If we rewrite the previous example but replace - with ~ then DATE_IN_PAST will be removed (however, its weight won't be removed):
COMP1 {
expression = "BLAH | !DATE_IN_PAST";
}
COMP2 {
expression = "!BLAH | DATE_IN_PAST";
}
COMP3 {
expression = "!BLAH | ~DATE_IN_PAST";
}
When we want to remove a symbol, despite other composites combinations, it is possible to add the prefix ^ to the symbol:
COMP1 {
expression = "BLAH | !DATE_IN_PAST";
}
COMP2 {
expression = "!BLAH | ^DATE_IN_PAST";
}
COMP3 {
expression = "!BLAH | -DATE_IN_PAST";
}
In this example COMP3 wants to save DATE_IN_PAST once again, however COMP2 overrides this and removes DATE_IN_PAST.
Composites with symbol groups
It is possible to include a group of symbols in a composite rule. This effectively means any matched symbol of the specified group:
g:<group>- matches any symbolg+:<group>- matches any symbol with positive scoreg-:<group>- matches any symbol with negative score
Removal policies are applied only to the matched symbols and not to the entire group.
TEST2 {
expression = "SYMBOL2 & !g:mua & g+:fuzzy";
}
Disabling composites
You can disable a composite rule by adding enabled = false to its definition. For example, to disable the DKIM_MIXED composite defined in the stock configuration, you can add the following to local.d/composites.conf:
DKIM_MIXED {
enabled = false;
}
You can also disable composites from the users settings from Rspamd 1.9.

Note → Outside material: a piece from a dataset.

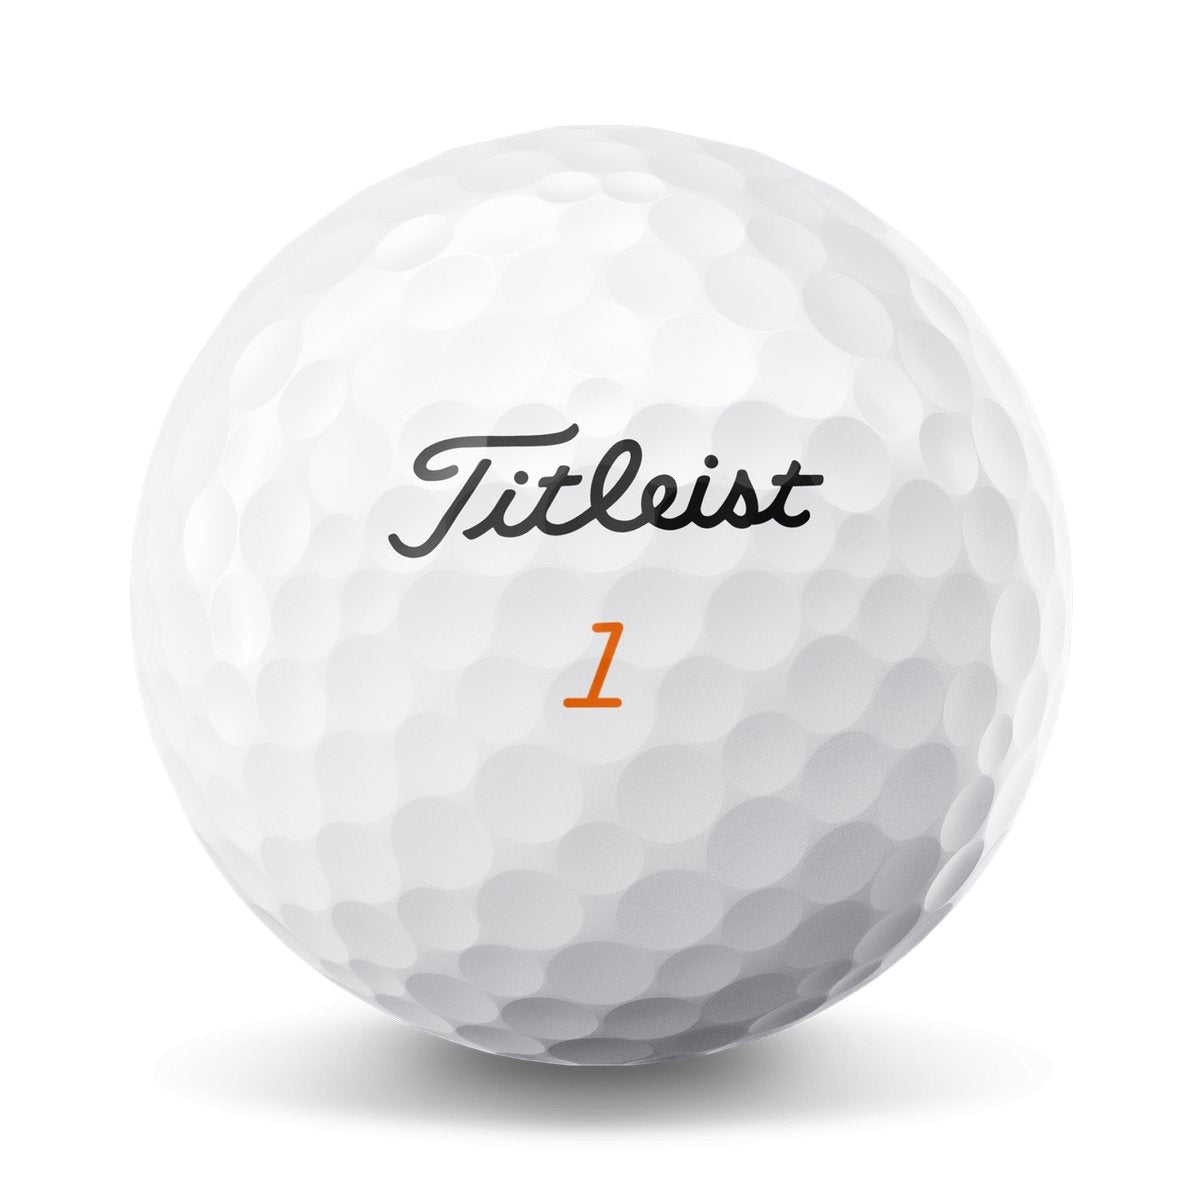 Titleist Velocity Golf Balls - Niagara Golf Warehouse TITLEIST GOLF BALLS

Composites on symbol options
Starting from version 2.0, it is also possible to augment the conditions of composite rules by adding required symbol options. For example, if a symbol SYM can insert options opt1 and opt2, you can create a composite expression that only triggers if the opt2 option is presented:
TEST2 {
expression = "SYM[opt2]";
}
[opt2] syntax means a list of options allowed for a symbol to match. You can also add multiple options:
[opt1,opt2] - it means that both opt1 and opt2 must be added by a symbol,
or even regular expressions:
[/opt\d/i] - this must not include comma, even escaped...
or a mix of both:
[/opt\d/i, foo]
In all cases, all matches are required (not just in a single option, but in an options list for a symbol).
In the future, this feature may be extended to support fully functional expressions if needed.